## The records

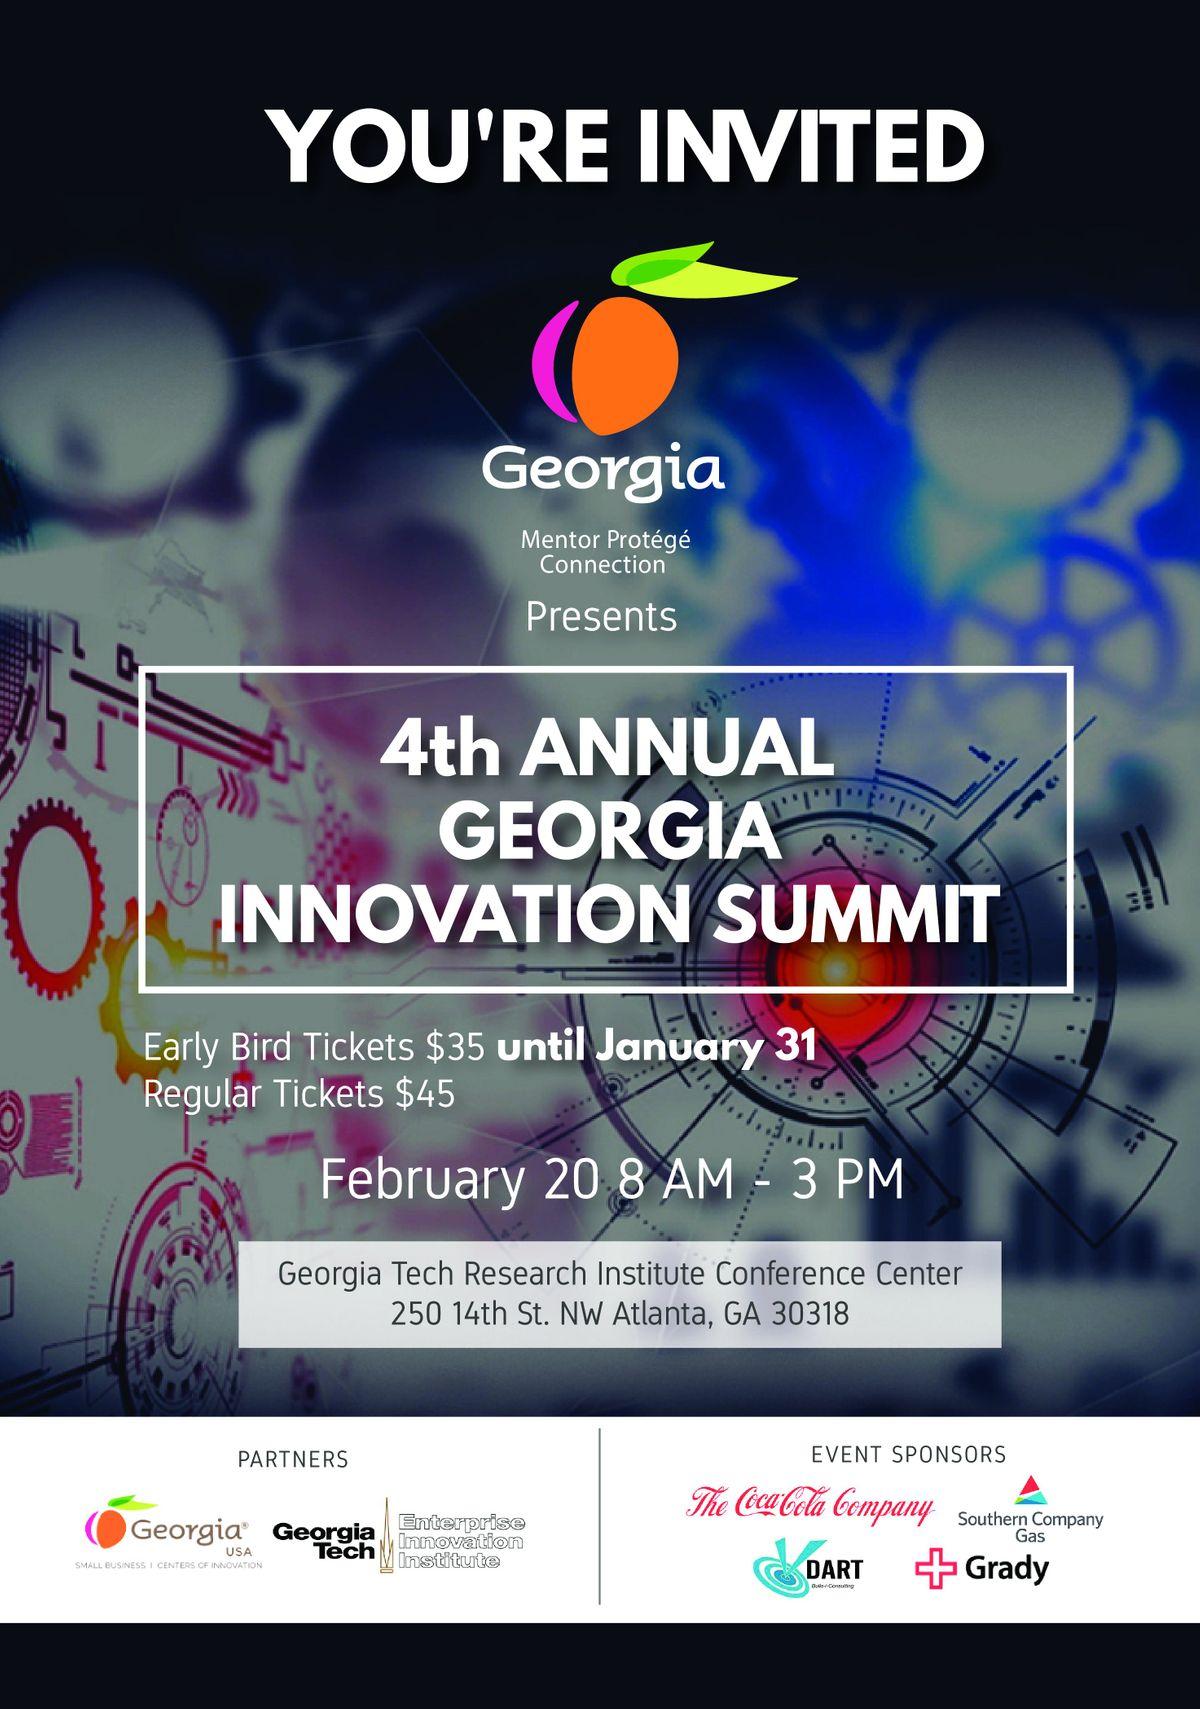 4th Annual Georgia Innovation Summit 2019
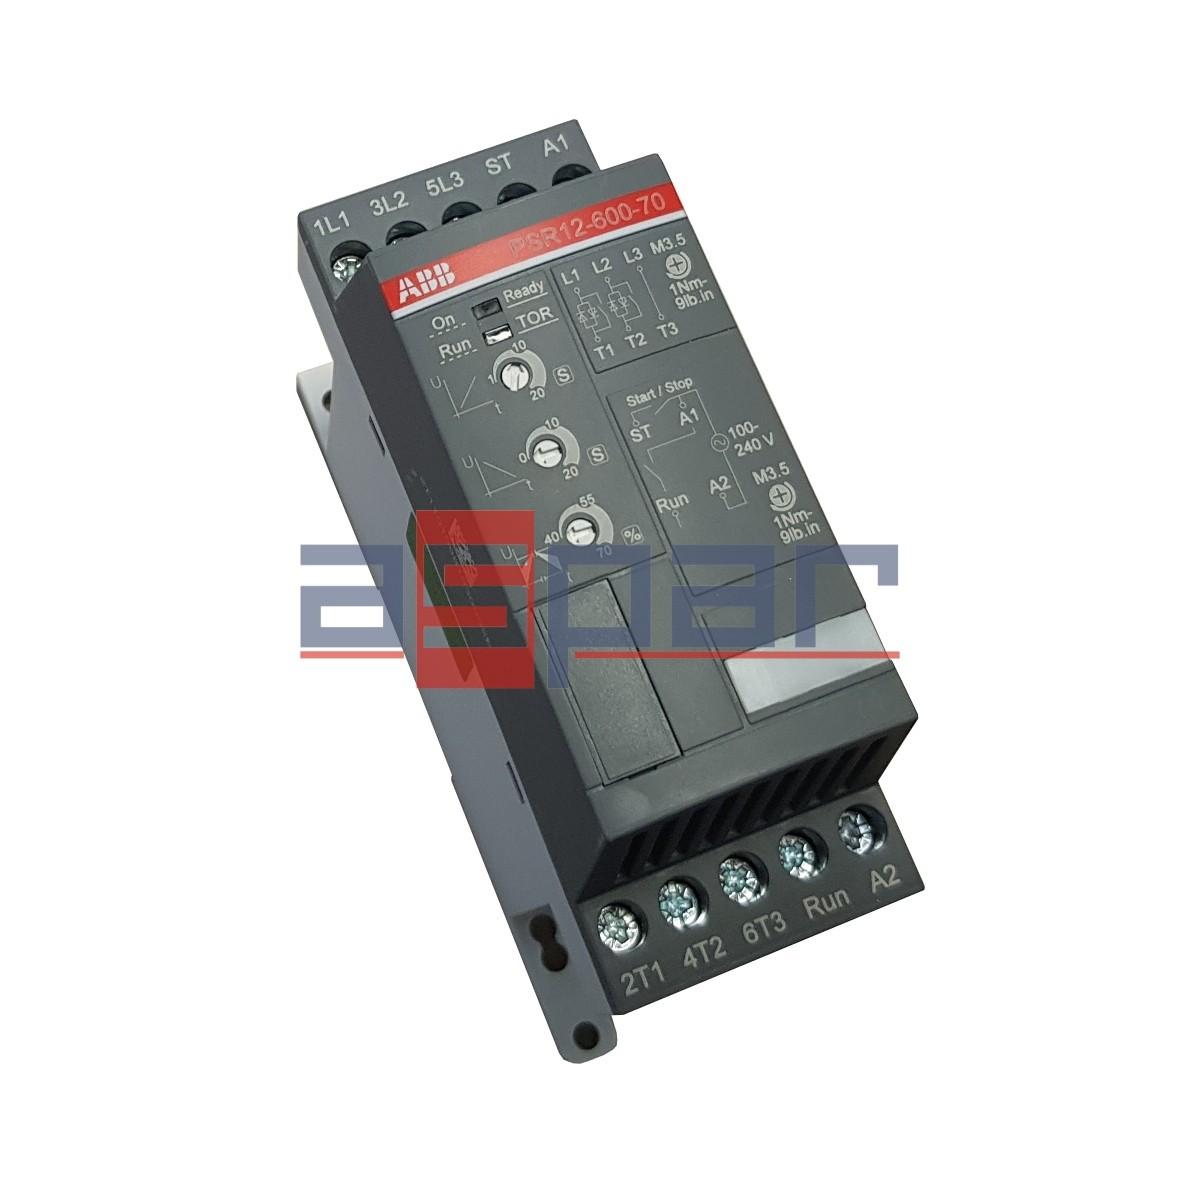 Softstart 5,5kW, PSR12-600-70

...

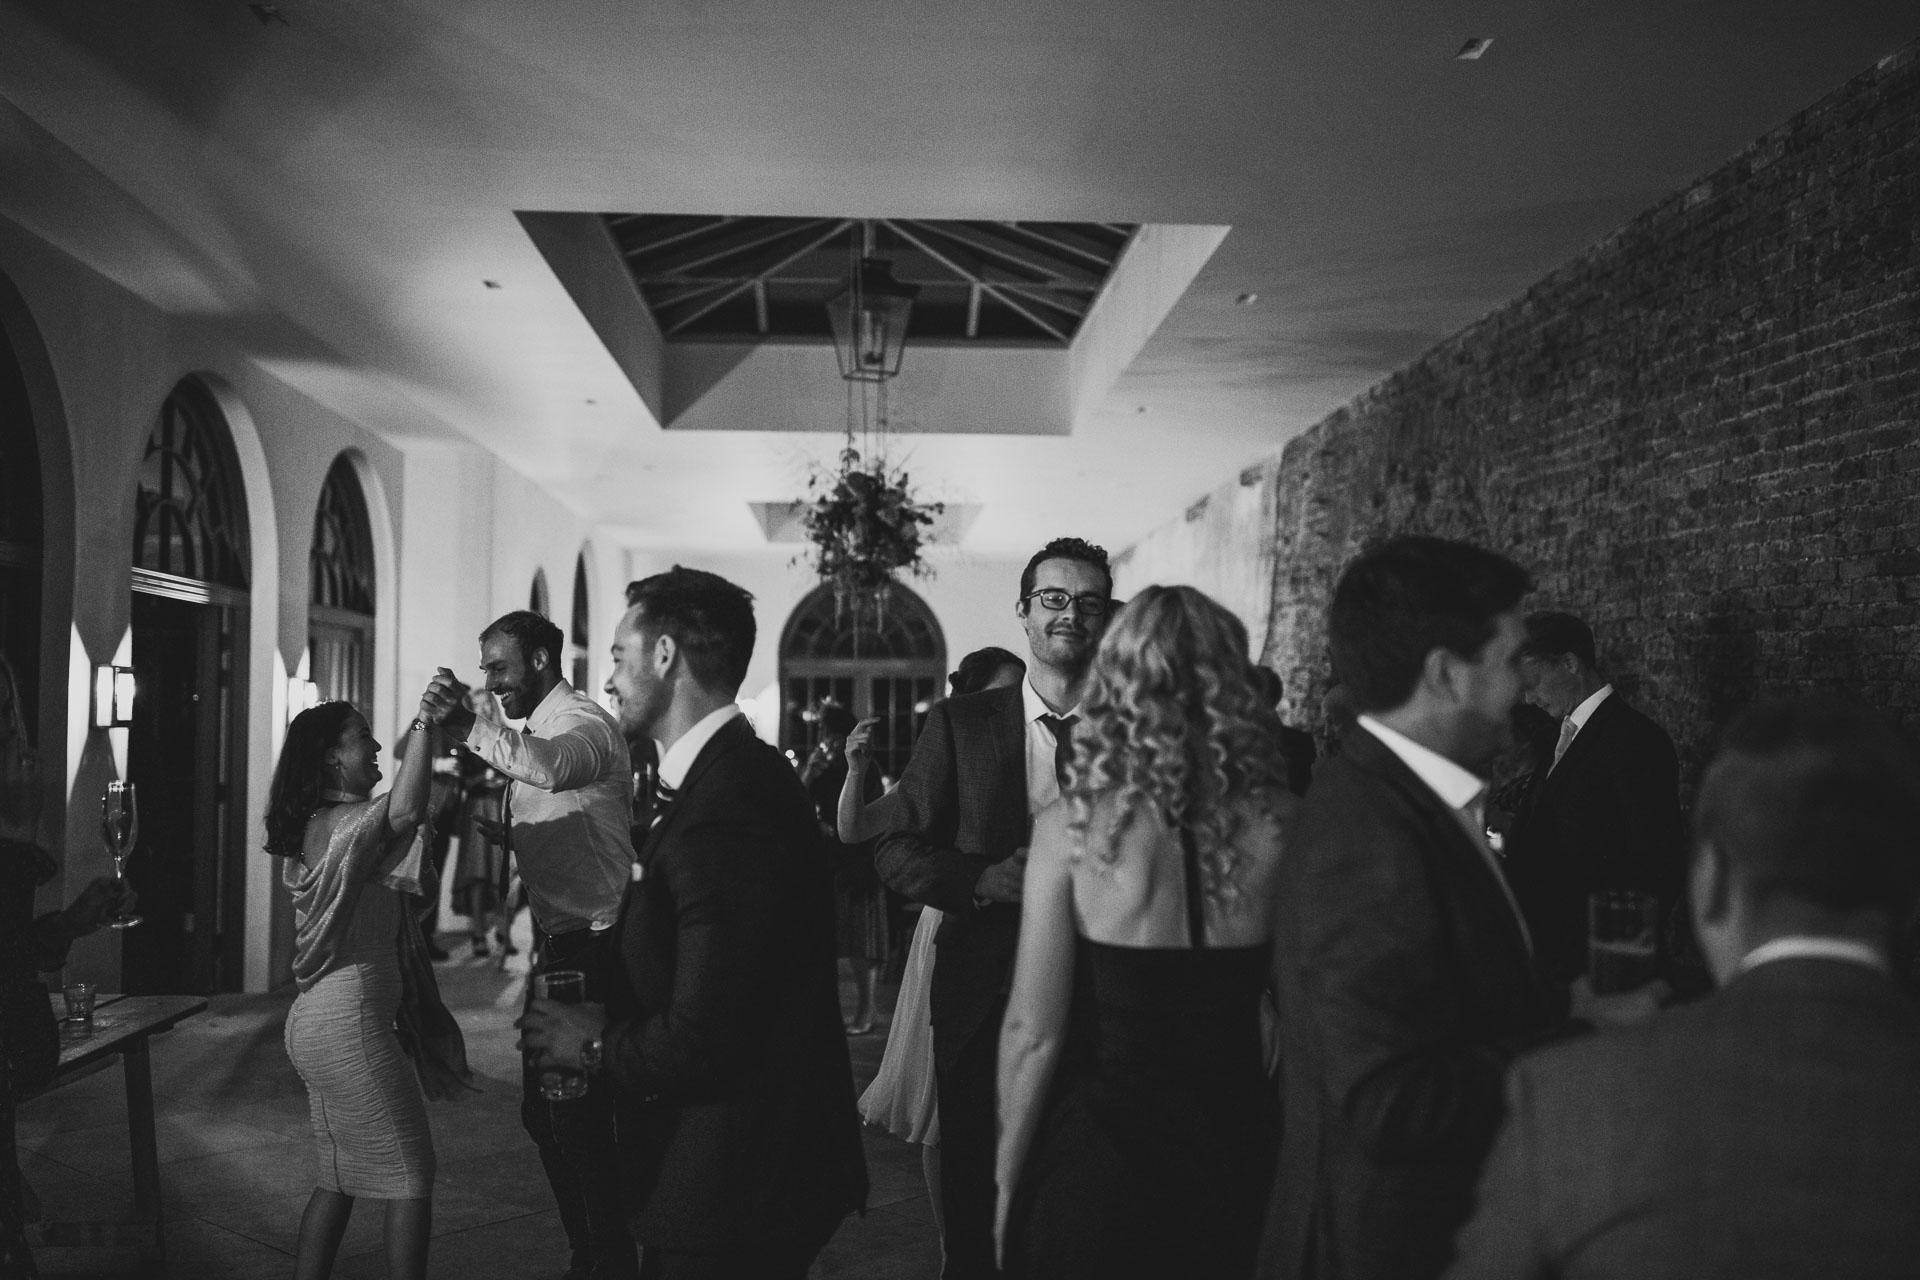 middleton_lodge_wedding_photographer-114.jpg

## Assigned task
The stretch to restate runs from the line above containing "4th Annual Georgia Innovation Summit 2019" through the line containing "Softstart 5,5kW, PSR12-600-70". Copy it word for word, ends included, without pictures.

## Your solution
 4th Annual Georgia Innovation Summit 2019
 Softstart 5,5kW, PSR12-600-70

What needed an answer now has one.